* Provided material:
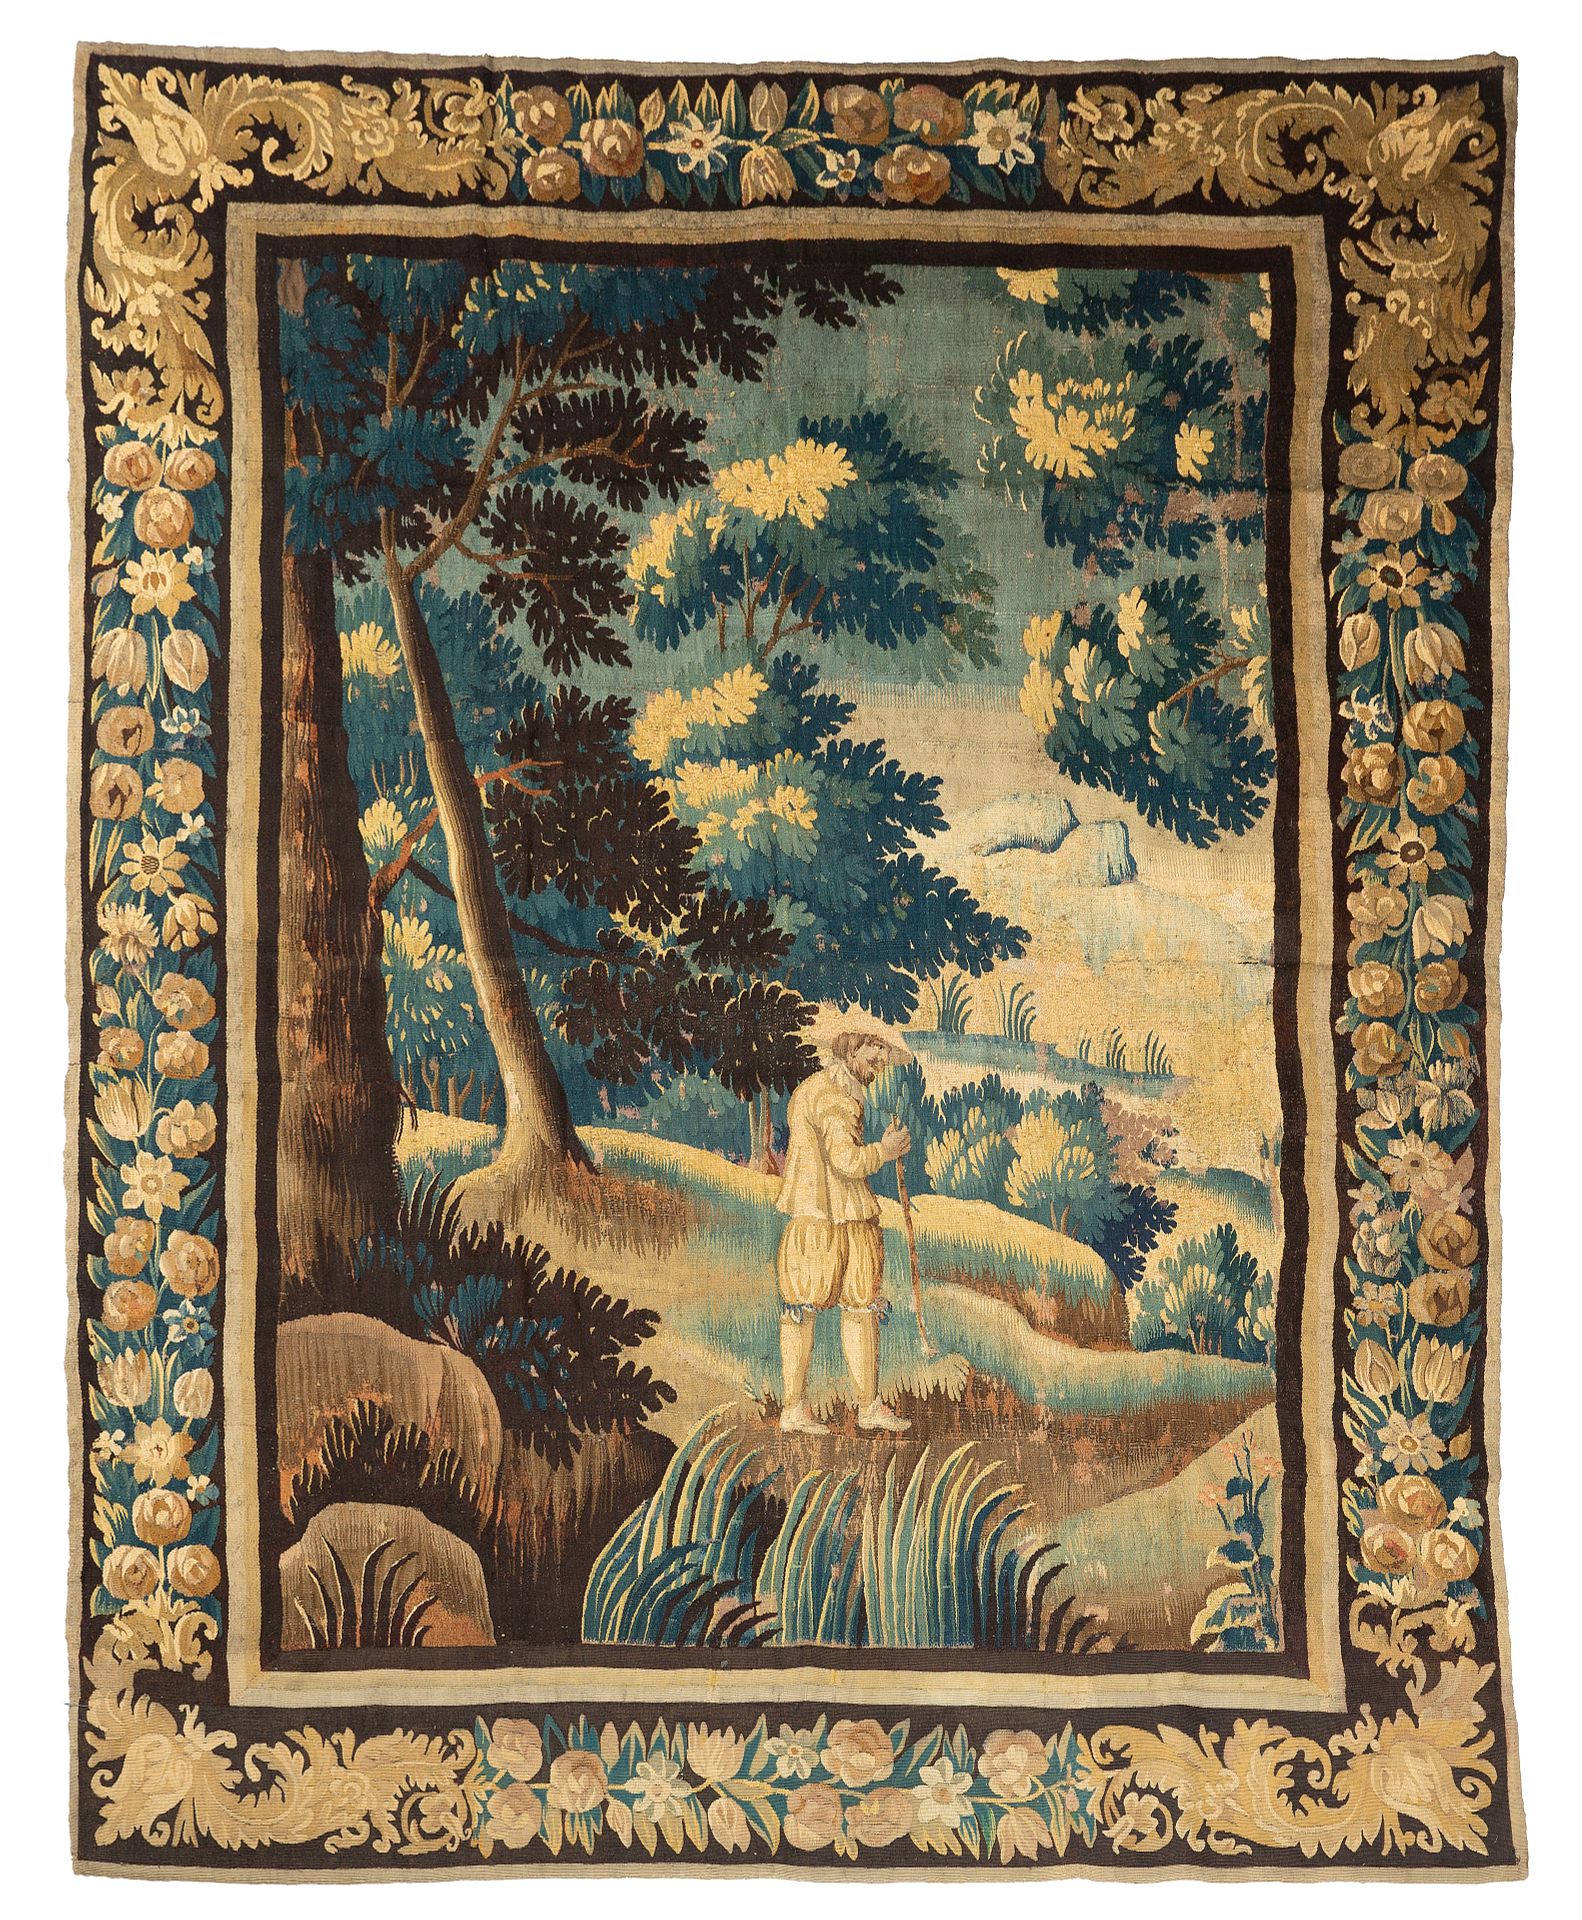 Null Aubusson tapestry, from the end of the 17th century

Technical characterist&hellip;
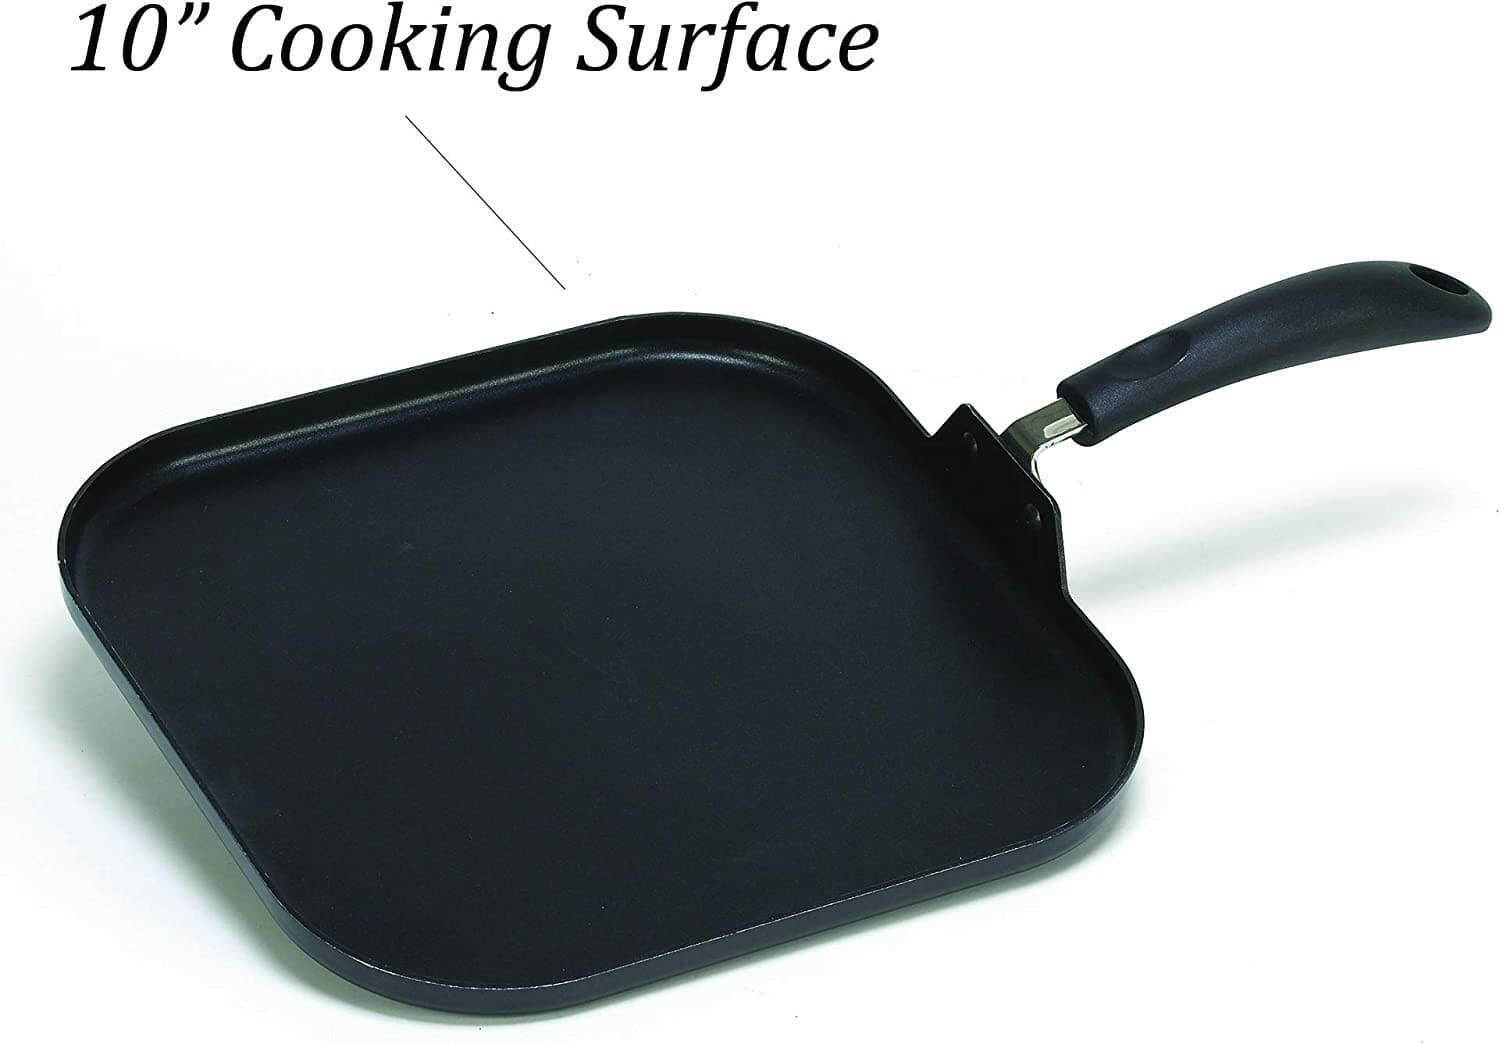 Imusa Chef Square Griddle 10.5" 2.0mm.
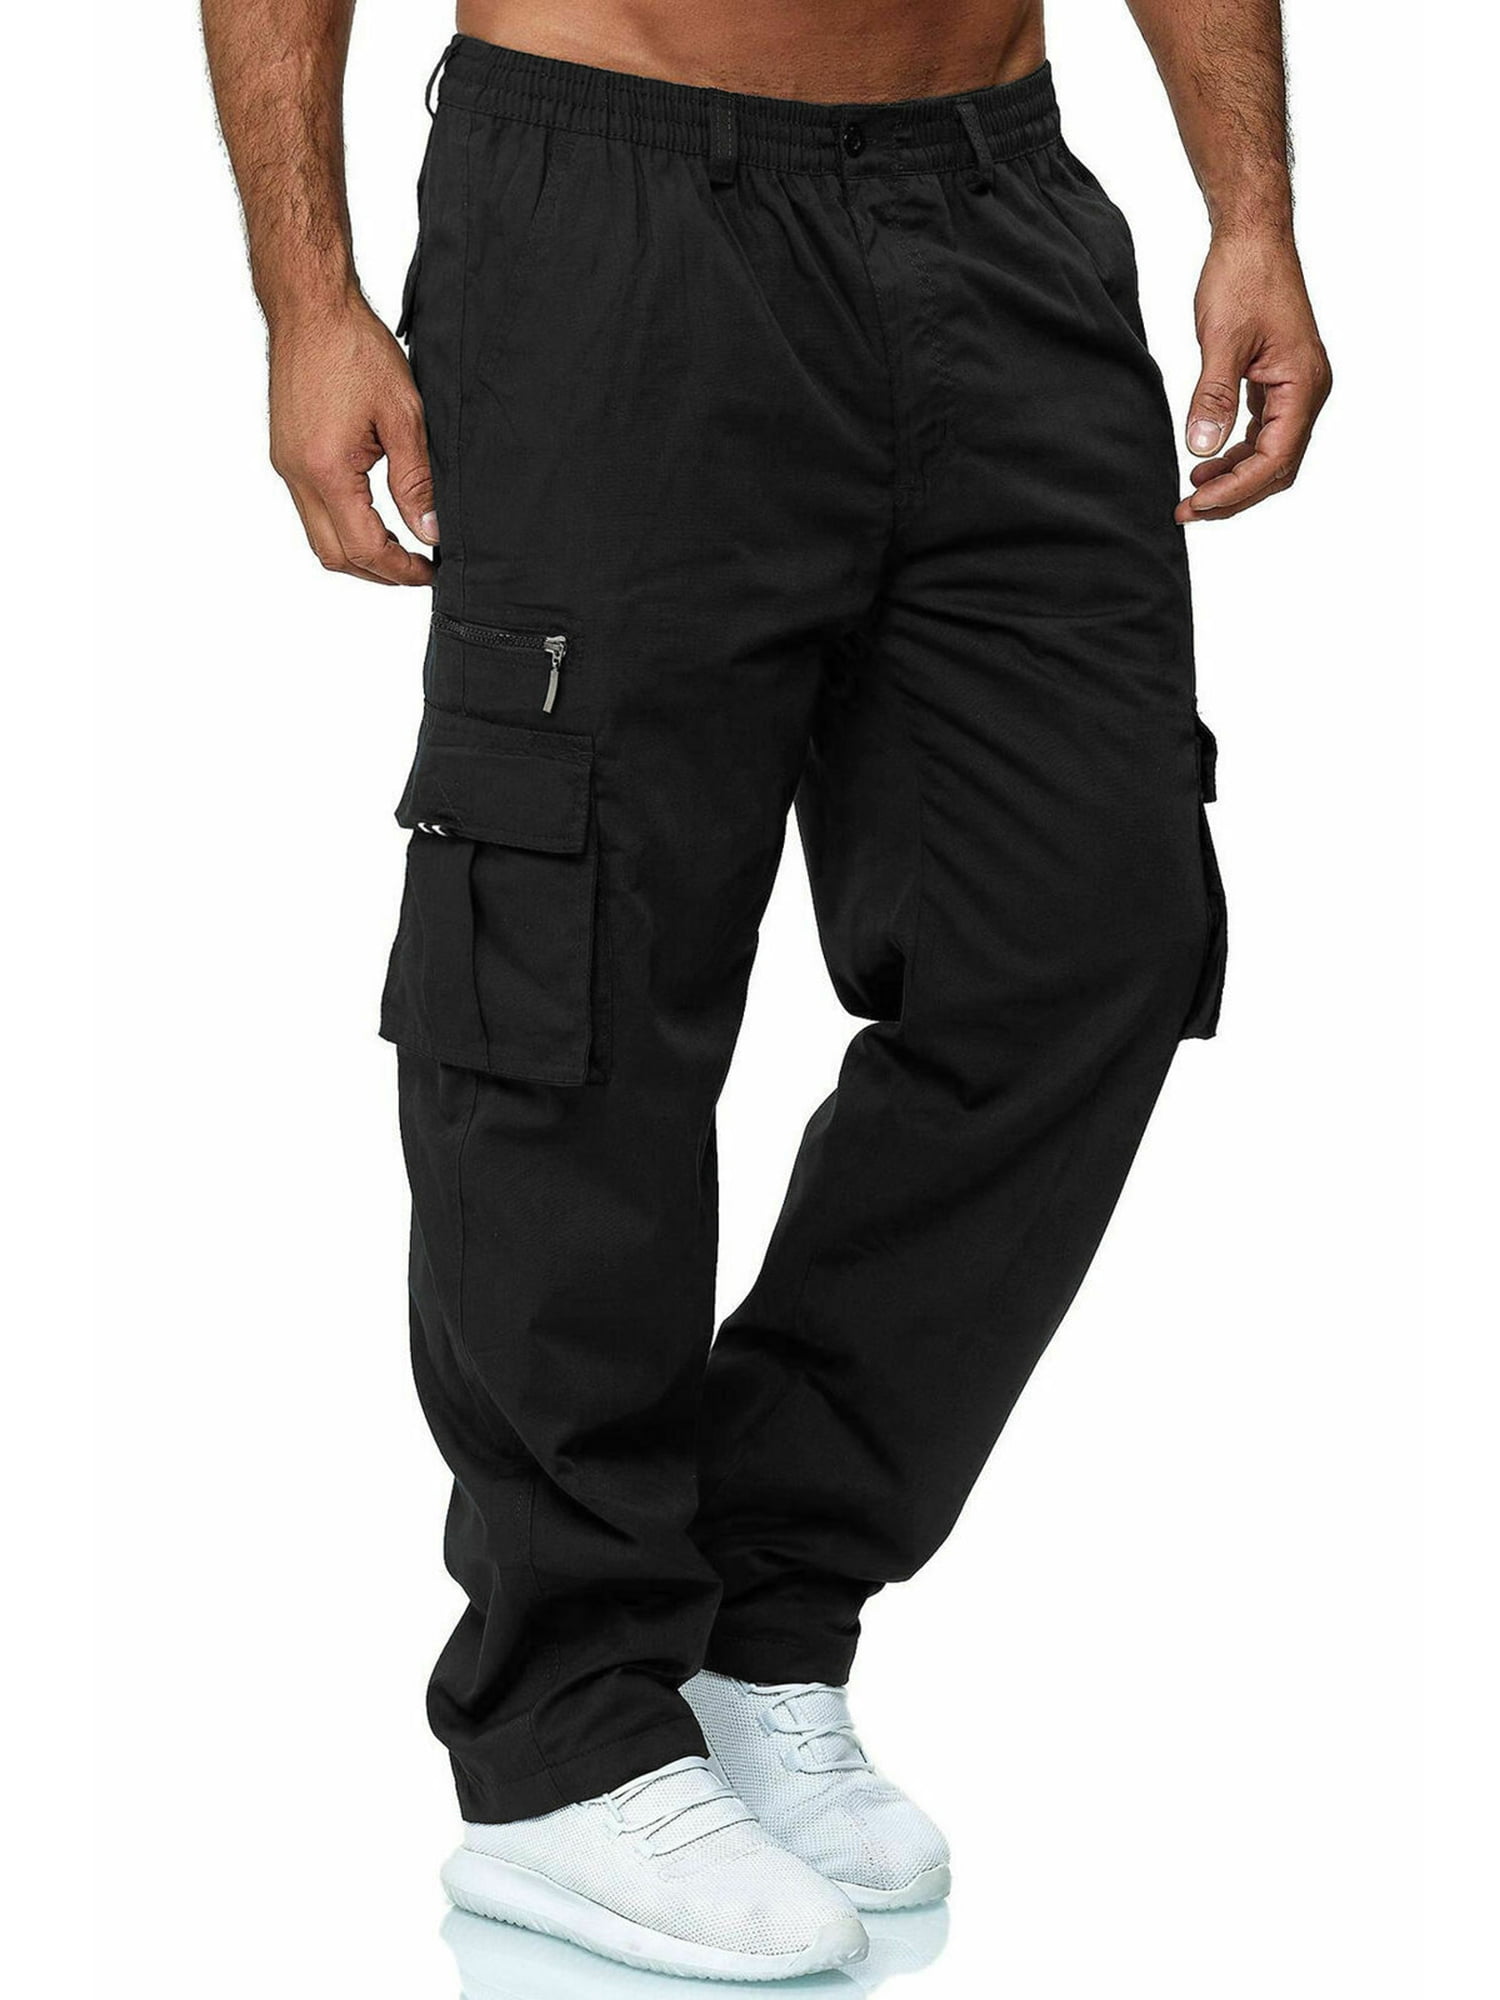 New Mens 3 In 1 Trousers Zip Off Combat Cargo Pockets Summer Elasticated Waist Bottoms Shorts Polyester Pants M-3XL

* Work task: Print the full listing above exactly. Pictures stay out of the copy.

* Result:
 Null Aubusson tapestry, from the end of the 17th century

Technical characterist&hellip;
 Imusa Chef Square Griddle 10.5" 2.0mm.
 New Mens 3 In 1 Trousers Zip Off Combat Cargo Pockets Summer Elasticated Waist Bottoms Shorts Polyester Pants M-3XL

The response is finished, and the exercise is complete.